Pitch (bref).

Lui - Français exilé en Angleterre ; il vient de perdre son travail (après quinze ans de bons services, son employeur dixit, avant de lui offrir une montre en guise de prime de départ) ; il tente de se suicider, vainement, avant de faire appel à une « entreprise spécialisée ». Il change d’avis. Mais …


Drame ?


Pas sûr. Le scénario, d’ailleurs pas si original (un thème très semblable avait d’ailleurs fait l’objet d’une comédie, assez ratée, de Philippe de Broca, Les Tribulations d’un Chinois en Chine) n’est sans doute qu’un prétexte.


Et les décalages sont multiples.


Décalage évident, immédiat, dans les ruptures de tonalité.

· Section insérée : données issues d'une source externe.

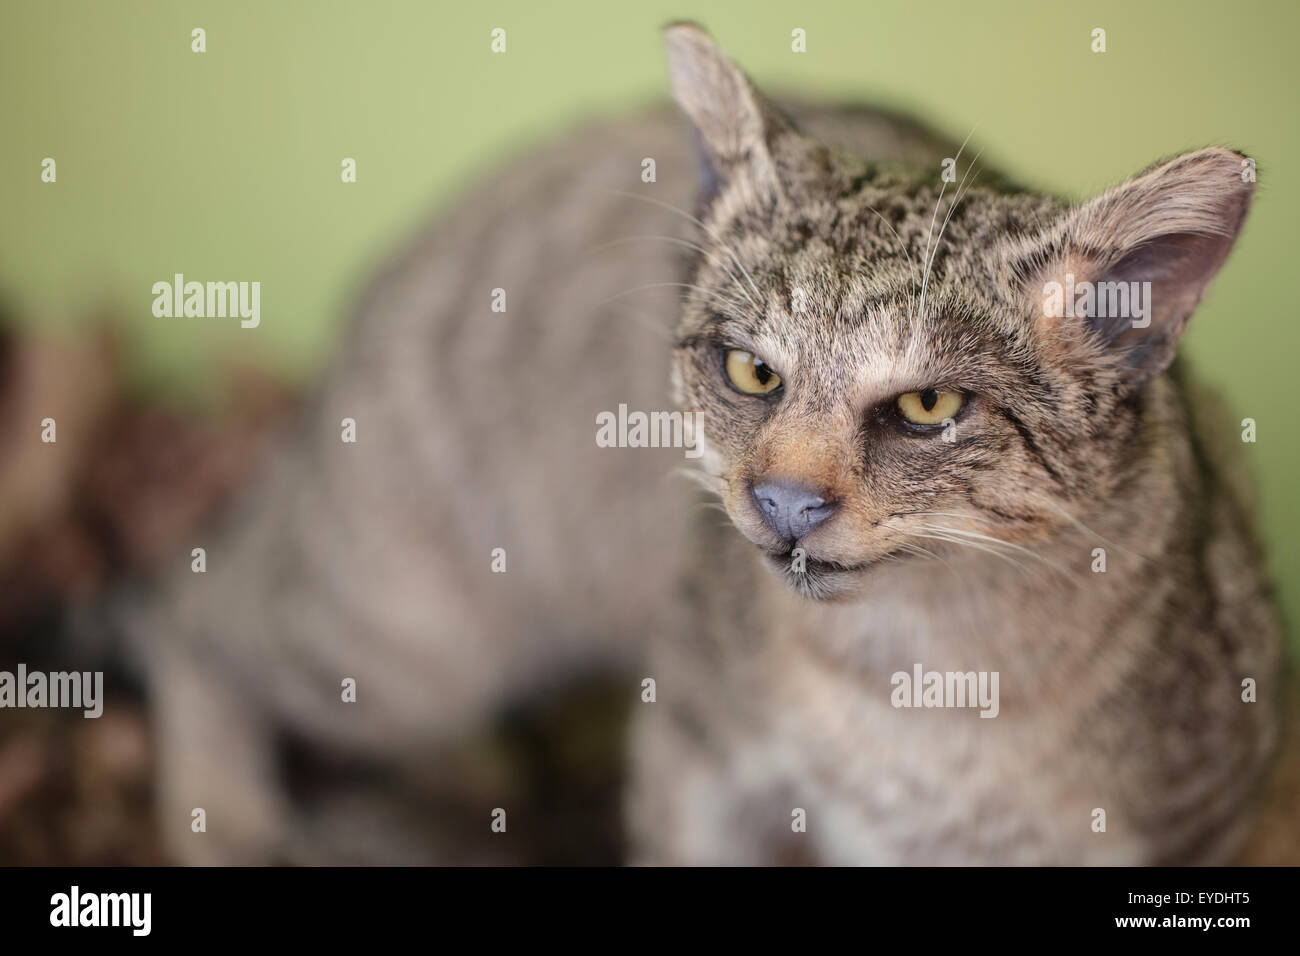 Taxidermied wildcat, close-up Foto Stock

Le récit s’ouvre à la manière d’un drame social - très relatif, certes, dès les premières images de l’entreprise, avec ses tables jonchées de papiers, ses employés fatigués, certains même dormant, très affalés, son cadre aussi sinistre qu’irréaliste, vaguement kafkaïen, on nage un peu du côté d’un Gilliam minimaliste ; du drame donc, on bifurque rapidement vers un burlesque totalement cynique (la marque récurrente de Kaurismaki), avec la double tentative de suicides avortés (un essai de pendaison, mais la corde, un bon produit disait le vendeur, casse ; une tentative par le gaz, la tête à l’intérieur du four d’une cuisinière antédiluvienne, mais le sifflement caractéristique s’interrompt presque aussitôt, à la suite d’une grève des gaziers locaux), le drame cède la place à une dérision qui tient presque du burlesque, encore renforcée par l’interprétation décalée de Jean-Pierre Léaud et par des réactions plutôt paradoxales : à son licenciement annoncé sans autre forme de procès, il ne s’interroge immédiatement qu'au fonctionnement de sa montre-cadeau …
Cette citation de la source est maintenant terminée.